Context and candidates dictate how dominant national issues will be in a race, according to Berwood Yost, director of Franklin & Marshall College’s Center for Opinion Research.

“In a midterm, it’s normally just people reacting about the president’s performance, and it doesn’t usually go well for the president’s party,” he said.

But for Yost, who has contributed to the forthcoming book Are All Politics Nationalized?, that conventional wisdom may not hold this November because of the Supreme Court‘s decision to overturn Roe v. Wade and Democrats’ unexpected legislative victories, which have partly stabilized Biden’s dismal polling. Those wins include this week’s signing of the long-awaited $750 billion Inflation Reduction Act, 18 months after the party’s first Democrats-only spending bill, the $1.9 trillion American Rescue Plan Act. Republicans maintain, though, that the latest climate, healthcare, and tax measure will eventually prove unpopular with voters.

“It isn’t just now about the president,” Yost said. “Maybe the right question is: Do those two issues give the Democratic candidates running additional ways of thinking about how to campaign?”

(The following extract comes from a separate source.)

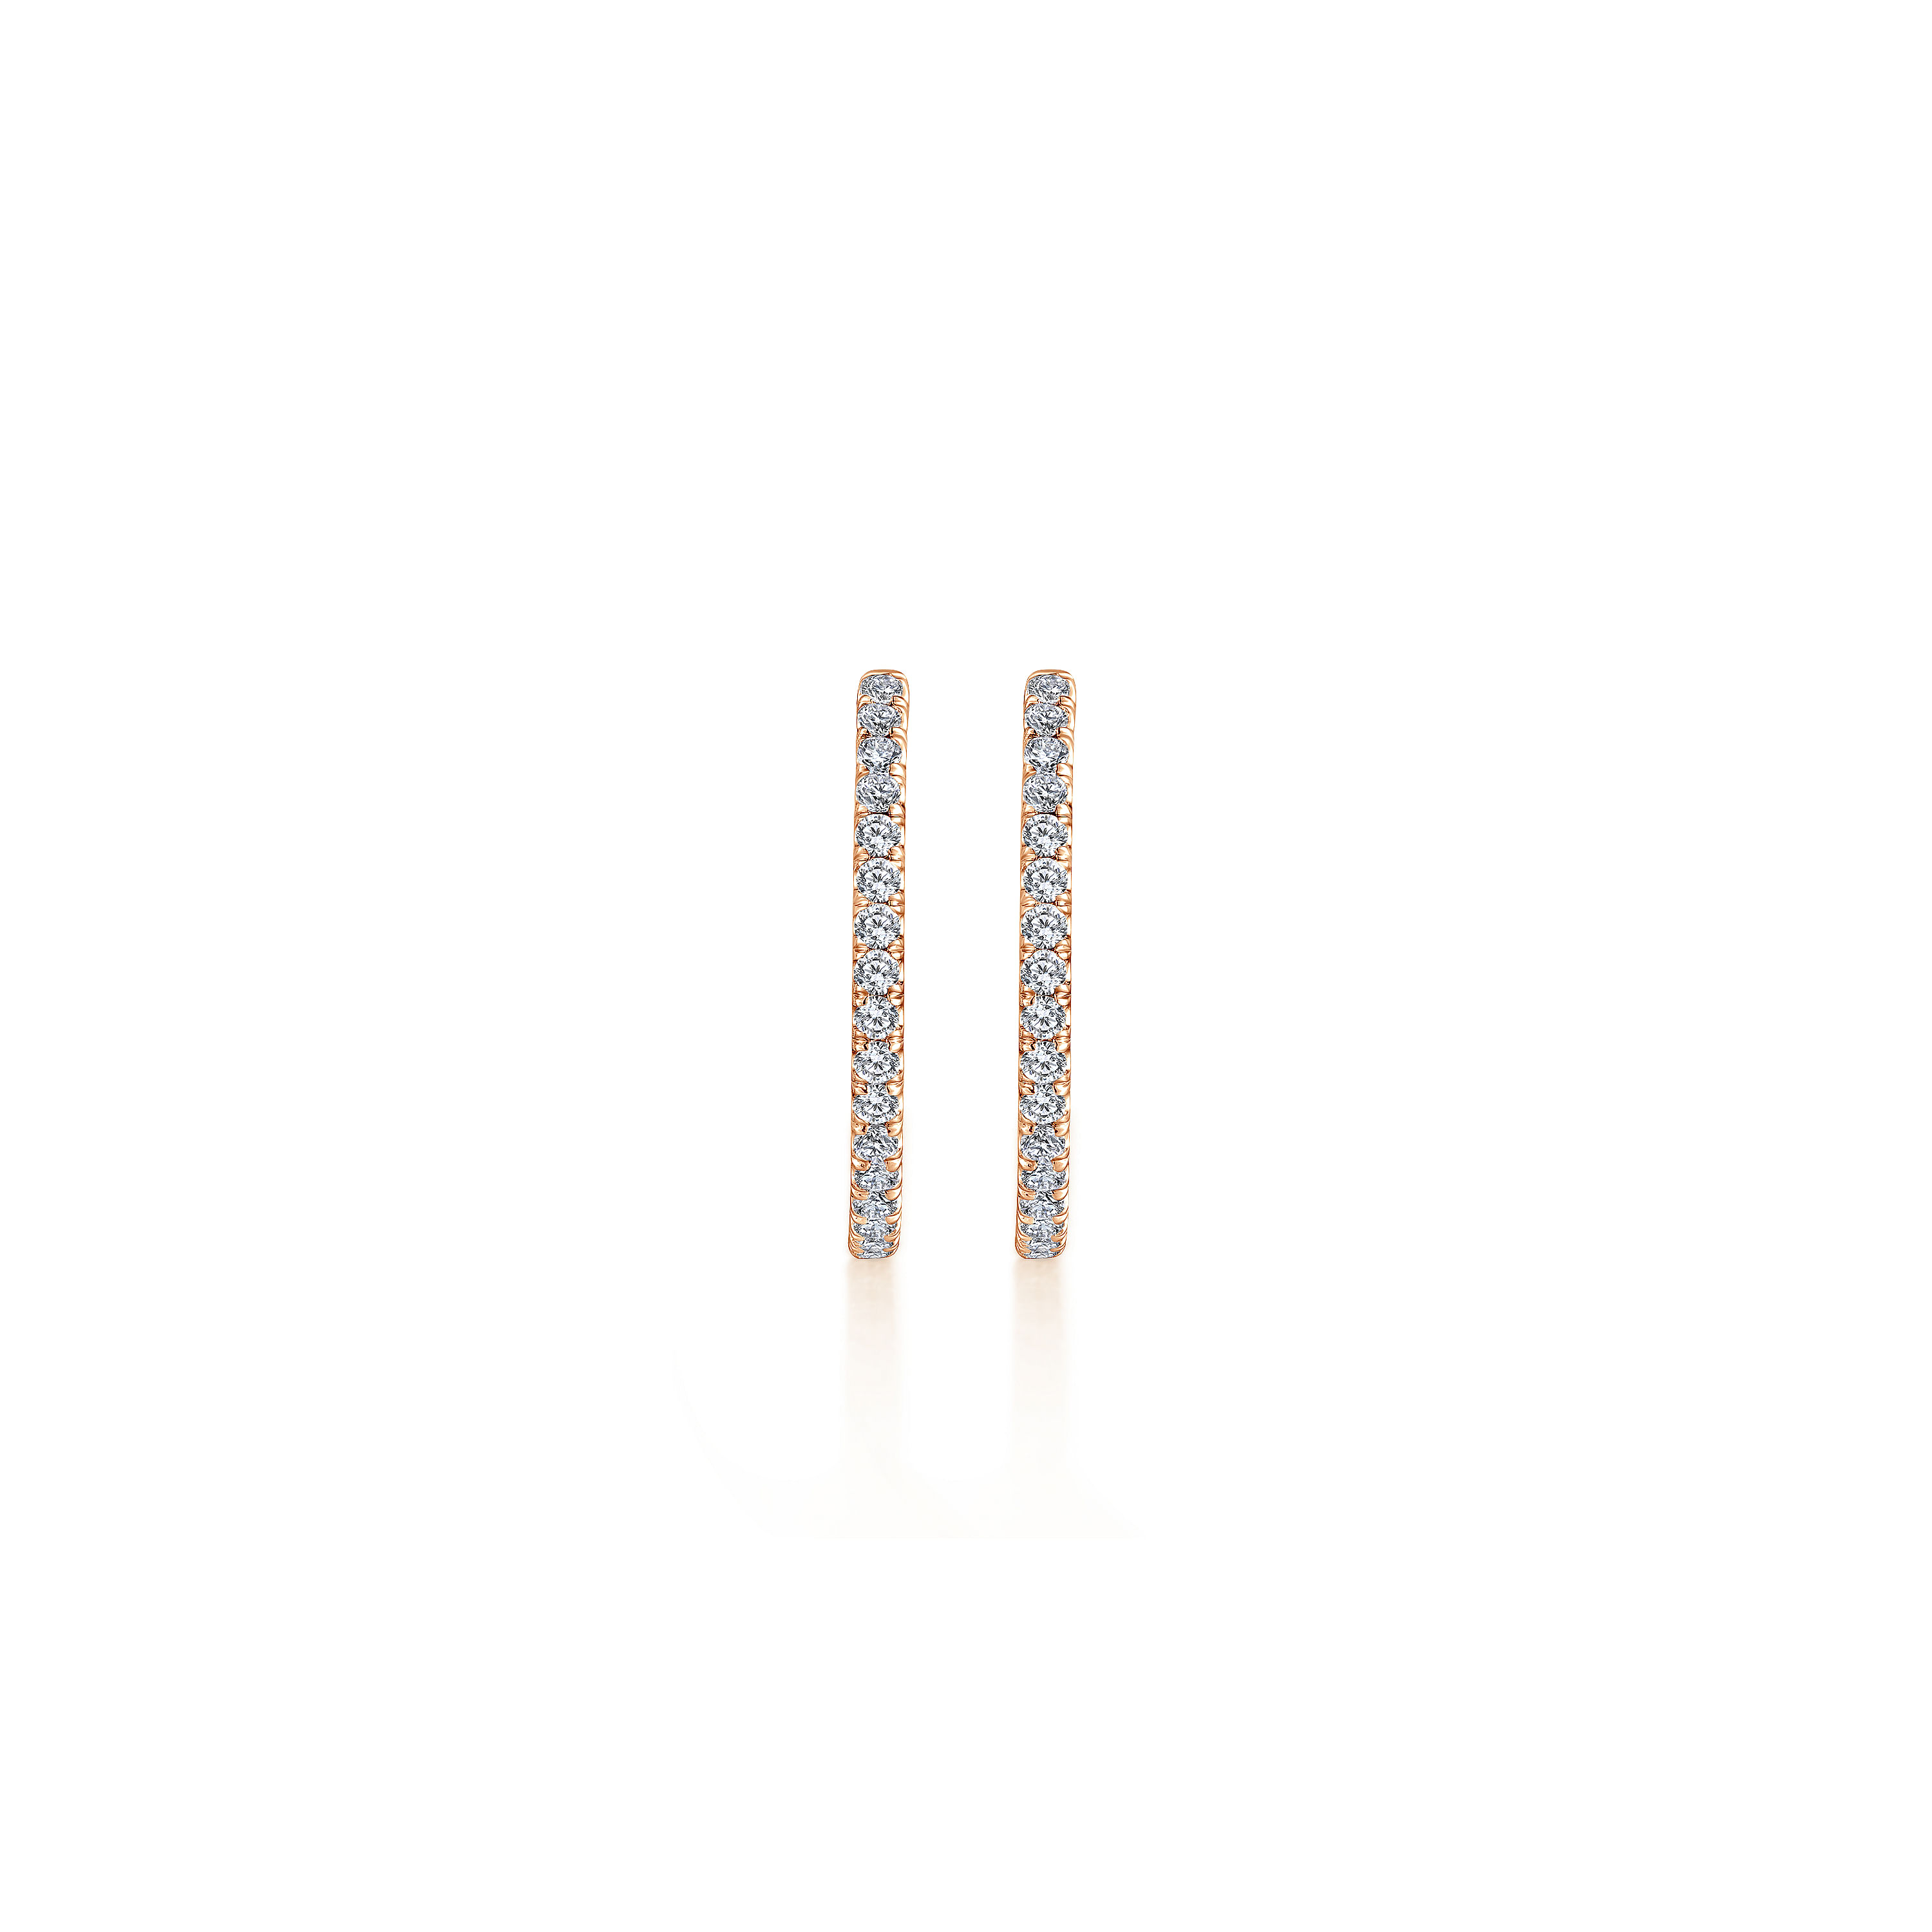 14K Rose Gold French Pavé 20mm Round Inside Out Diamond Hoop Earrings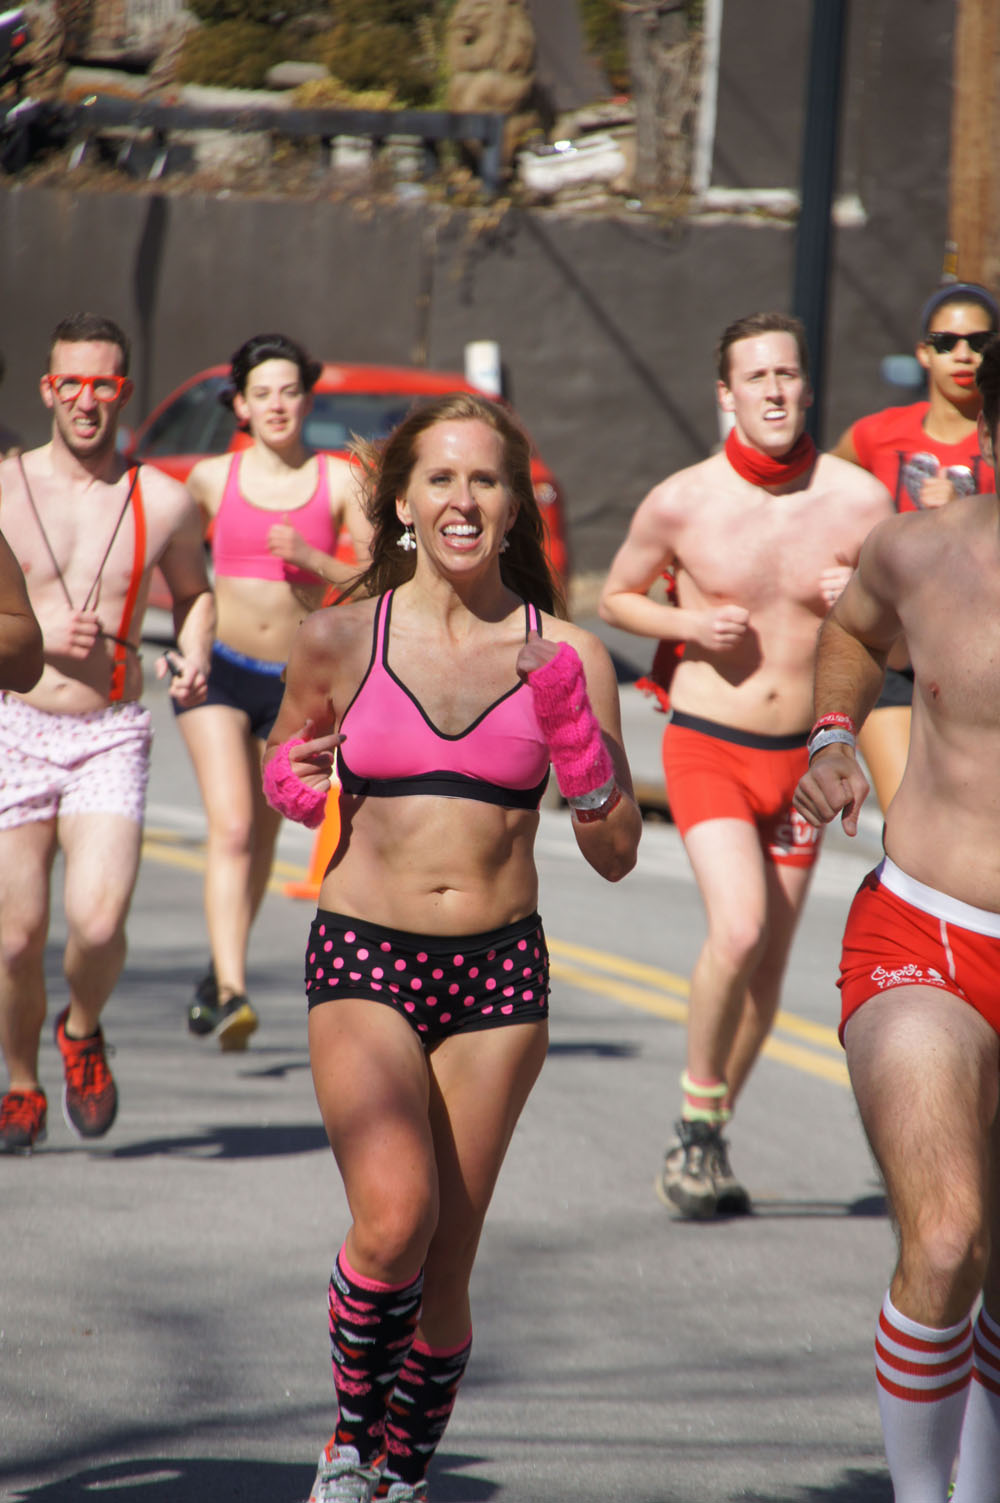 File:People running in pink and red underwear during Cupid's Undie Run.jpg ( 2).jpg - Wikimedia Commons

Democrats, including Senate candidates Lt. Gov. John Fetterman (D-PA) and Rep. Tim Ryan (D-OH), have opted not to attend Biden events hosted by their states in the past. Fetterman, for example, was reportedly poised to snub Biden during a January visit after last year’s passage of the $550 billion Infrastructure Investment and Jobs Act, but he ended up appearing alongside the president after 10 people were injured in a Pittsburgh bridge collapse earlier that day.

Amid better polls and falling gas prices, observers will now watch to see whether the likes of Fetterman and Ryan will greet Biden when he travels to Pennsylvania and Ohio on his midterm tour. The White House has already announced that Biden will be in Wilkes-Barre, Pennsylvania, on Aug. 30 to deliver remarks on his plan “to further reduce gun crime and save lives” after Congress cleared the Bipartisan Safer Communities Act this summer. The president is also anticipated to be at Intel’s New Albany, Ohio, groundbreaking after Congress agreed to the $280 billion bipartisan CHIPS and Science Act last month.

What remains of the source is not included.